All codes related to this tutorial can be found at my Github repository.
For better understanding, before starting with this tutorial prefer to go through my previous tutorial on Artificial Neural Network
In previous implementation, We have kept learning rate constant throughout the training. We can apply a trick here also to make training faster.
Figure 1. Learning rate and convergence
As illustrated in Figure 1, in any machine learning technique our goal is to minimize error and to achieve global Minima with function f(x). global Minima is the point in the n dimensional space where error is minimum and our predictions are very close to actual ones.
In given Figure 1. our goal is to reach convergence point and we have three choices
1) With constant learning rate reach to convergence, it wold take longer time [BLUE]
2) With larger learning rate try to reach to convergence and ultimately get diverted. with no convergence at all. [RED]
3) Middle approach between above two, initially keep high learning rate (bigger steps), and slowly decrease step size. [GREEN]
To accelerate the convergence and yet avoid the danger of instability, we can apply two heuristics:
Heuristic 1 - If the change of the sum of squared errors has the same algebraic sign for several consequent epochs, then the learning rate parameter, α, should be increased.
Heuristic 2 - If the algebraic sign of the change of the sum of squared errors alternates for several consequent epochs, then the learning rate parameter, α, should be decreased.
Here we are going to take help of our old friends squared error and trend-line function.
Figure 2. Change in Squared error w.r.t. Learning progress
In Figure 2. we have measured slops at different locations throughout the progress of learning (epochs). It is very much evident that when learning is faster the error will steeply decrease and value of slop will increase in consecutive steps (e.g. flop m2 is higher than m1) when decrease in error become slower the slop will decrease in consecutive steps (e.g m3 is smaller than m2). looking at increase and decrease in slop behavior we can change learning rate accordingly.

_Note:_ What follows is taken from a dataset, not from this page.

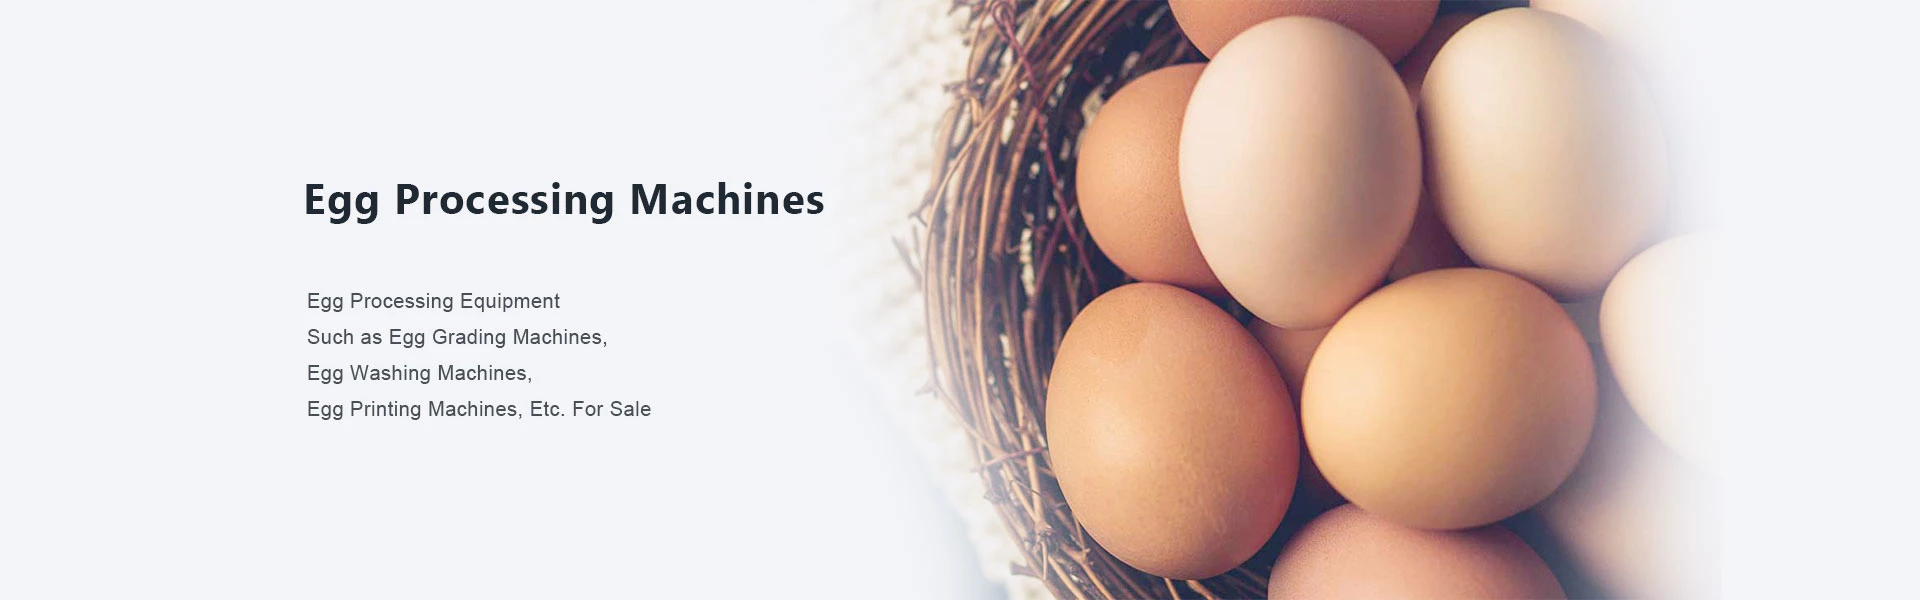 maquinas de huevos
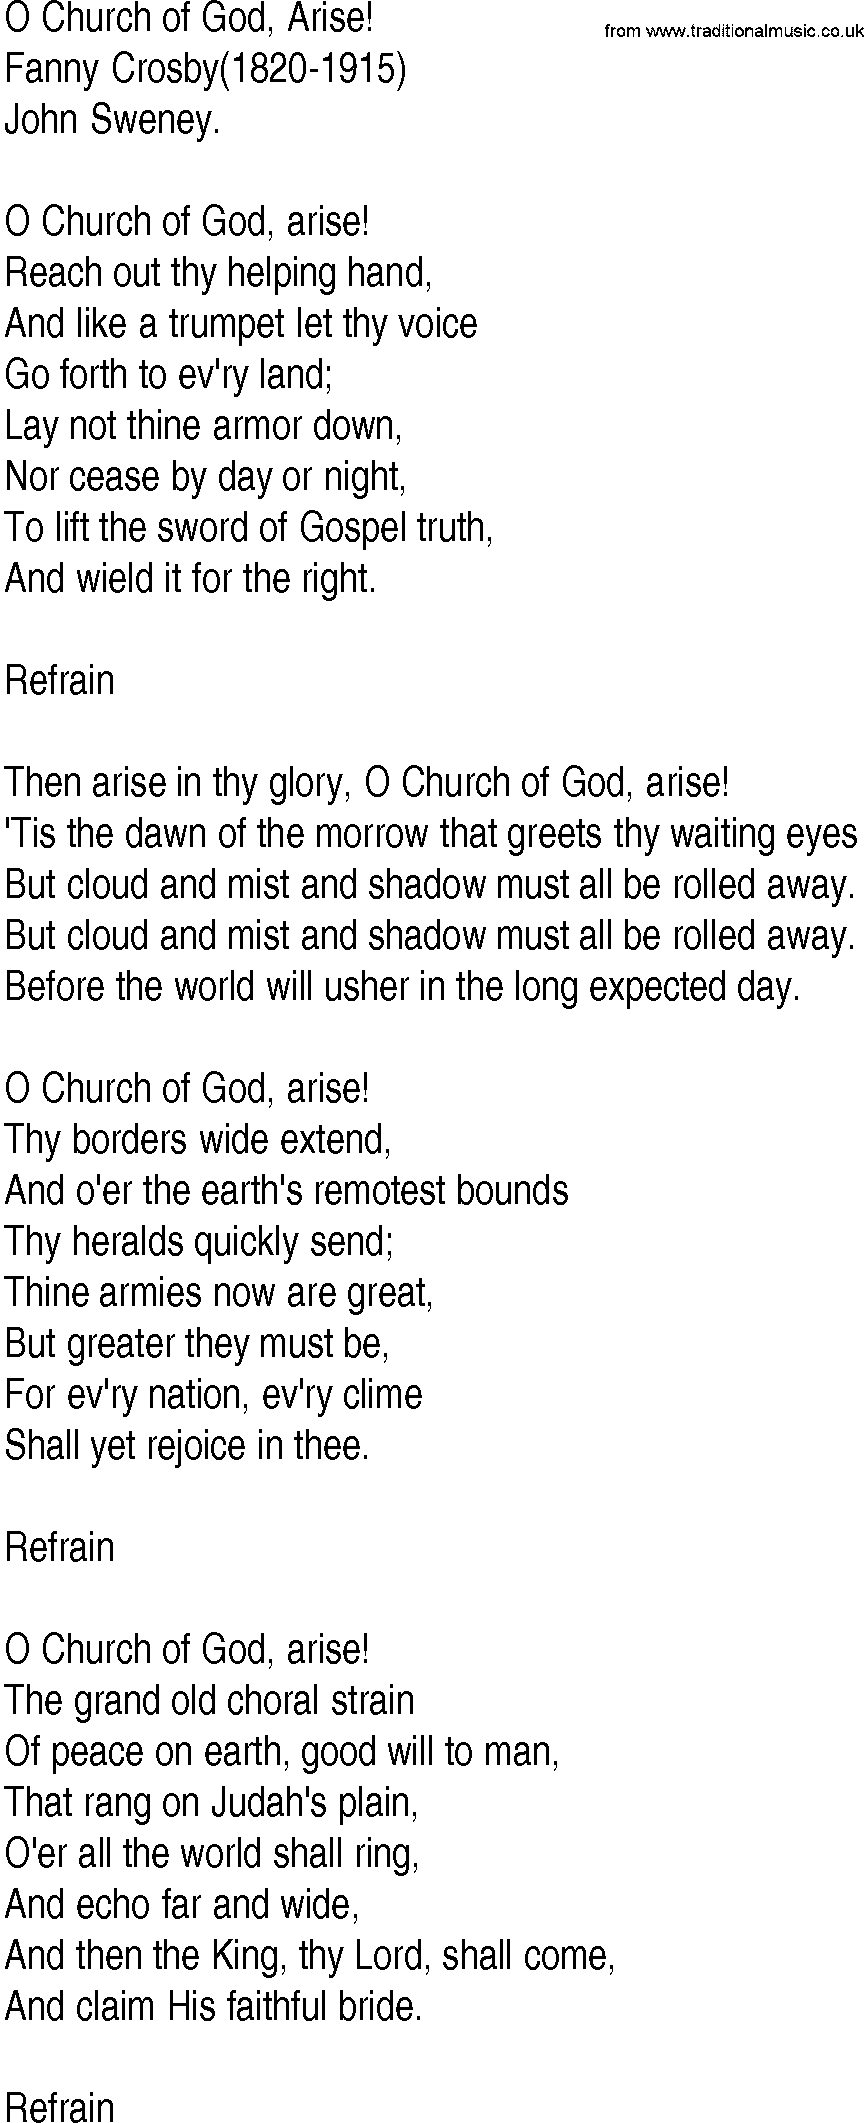 Hymn and Gospel Song: O Church of God, Arise! by Fanny Crosby lyrics

So the overall process can be summarized in two steps:
1) Increase the learning rate by certain percentage when slop at given point is greater than previous one.
2) Decrease the learning rate by certain percentage when slop at given point is lesser than previous one.
Figure 3. illustarting process of change in learning rate (alpha)
Along with our previous Artificial neural network code, we will be having two more functions
1) Initializing all network parameters
2) findTrendline - To find trend-line
3) changeAdaptively - To measure increase or decrease in slop w.r.t. previous point and accordingly change learning rate.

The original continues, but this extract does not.